City Orphans' Court hires judge, despite low pay

April 29, 1994|By Jay Apperson | Jay Apperson,Sun Staff Writer

A judgeship on Baltimore's Orphans' Court once was a political plum. More recently, however, with the court nearly collapsing under a backlog of cases, the position has been seen as a full-time headache with part-time pay.

So why would Joyce M. Baylor Thompson want the job?

"The court was in trouble, and I thought I could be an asset," said Judge Thompson, 38, a state Department of Assessments and Taxation lawyer who is to be formally sworn in as judge today. "If I had just looked at the salary I would never have accepted."

The $30,000 salary was the biggest reason former Judge David B. Allen left the court in January. With another judge out recovering from a heart transplant, that left only Chief Judge Michael Waring Lee on a bench built for three. And he, too, was slowed by chronic health problems.

So, around February, the city Orphans' Court, which rules on estates, contested wills and guardianship issues, approached meltdown.

"For a while we had two speeds: slow and stop," Judge Lee recalled this week.

Estates that normally would have been executed in August were still pending in January, said Sheldon S. Satisky, a probate lawyer who is the liaison between the state bar association and the state's Orphans' Court judges.

"What the bar couldn't understand was, 'Why was the situation perpetuating itself?' " he said.

When Judge Lee lists the reasons for the crisis, he starts with the salary. For years, he has pushed for a raise to acknowledge that the job, part time in rural counties, is full-time work in Baltimore. Furthermore, the judges are effectively prohibited from keeping an outside practice in probate law, their specialty.

Because other state judges make salaries approaching $90,000, Orphans' Court judges in the city should make at least $65,000, Judge Lee said.

Orphans' Court judges need not be lawyers -- and throughout much of the state they are not, he said. But in Baltimore City, traditionally, they have been lawyers.

"It's a problem to find people to take these jobs," said Robert C. Murphy, chief judge of the Maryland Court of Appeals. For example, the opening created by Judge Allen's resignation attracted only three applicants.

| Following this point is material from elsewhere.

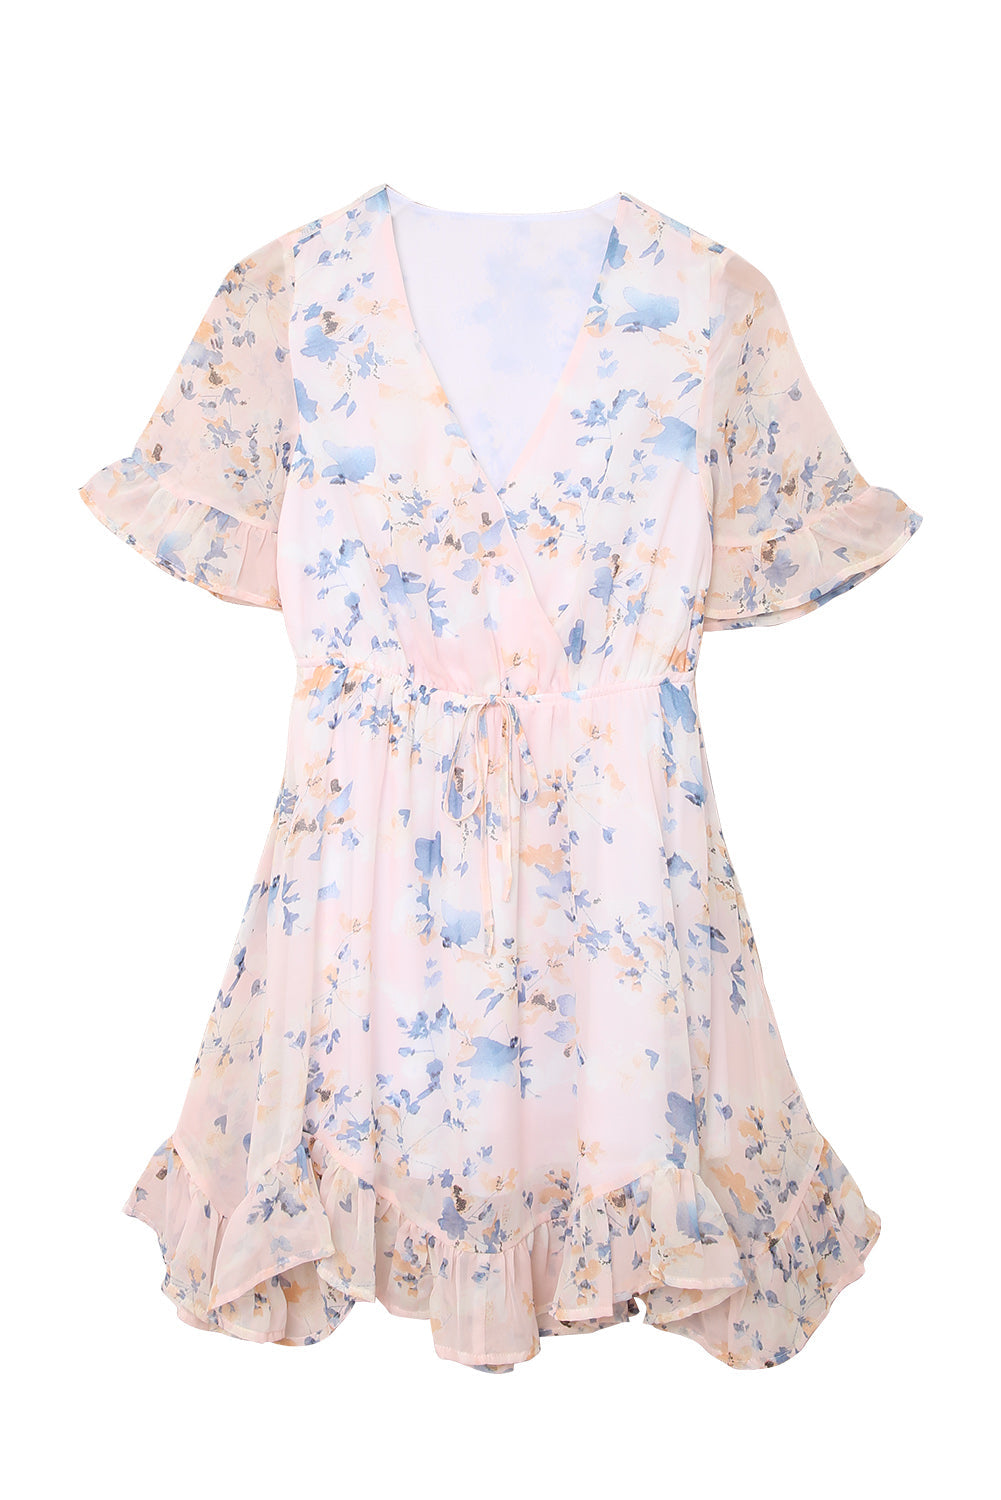 Floral Print Flared Sleeve Ruffle V Neck Dress for Ladies

The legislature has approved a raise for city Orphans' Court judges to $45,000, but the judges won't get the additional money until late this year -- after running for re-election.

That was too long to wait for Judge Allen, who left after nine years on the bench to work at the city solicitor's office.

"I didn't want to wait another year," said Mr. Allen, who for the past few years sought a job that would pay better and offer insurance to cover treatments for a college-age son with kidney problems. He said the Orphans' Court job is "under-rated and undervalued.

"For some reason it's sort of looked down on as a stepchild for the judiciary, but for 99 percent of the people who lose a relative and have to go to probate, it's their first contact with the courts."

The court is Maryland's oldest and, apparently, one of the nation's oldest.

Recalling its history, Judge Lee noted that the short life expectancy in Colonial times made taking care of orphaned children a major social problem.

Over the centuries, a greater emphasis was placed on probating wills. But, these days, Judge Lee is seeing an increase in cases involving children left orphaned by parents who died of AIDS or from violent crime.

"I want to flat out predict we are at the cusp of a change in our caseload that will be of historic dimensions," he said. "I suspect that by the end of this decade, cases involving the protection of both the persons and property of children will equal, and maybe exceed, the number of cases for probate.

"It's sad because the reason for this will be misery. We may, in fact, be coming full circle to our roots."

Attracting Judge Thompson to the court was a coup, he added. Her experience as head of the guardianship unit of the state Office on Aging and as a social worker make her ideal for a court moving back toward an emphasis on children.

"I think she's right on time," he said. "Her expertise, her knowledge of resources outside the court system, her contacts, her compassion make her simply the perfect choice for this time."

Still, the Orphans' Courts face challenges.

Chief Judge Murphy said the courts are a "relic" and should be consolidated with the Circuit Courts, as is done in Harford and Montgomery counties. But politicians are loathe to abolish any elected office, he said. And defenders argue that the judges specialize in probate and estate law.

In Baltimore, the recent staffing crisis was abated when Chief Judge Murphy sent Orphans' Court judges from Baltimore and Prince George's counties to eliminate much of the backlog.

But the relatively low salary remains a problem, Judge Lee said. "I think over the coming weeks we'll be coming back to speed, but I hasten to add the problem will be reoccurring if we do not address the underlying causes."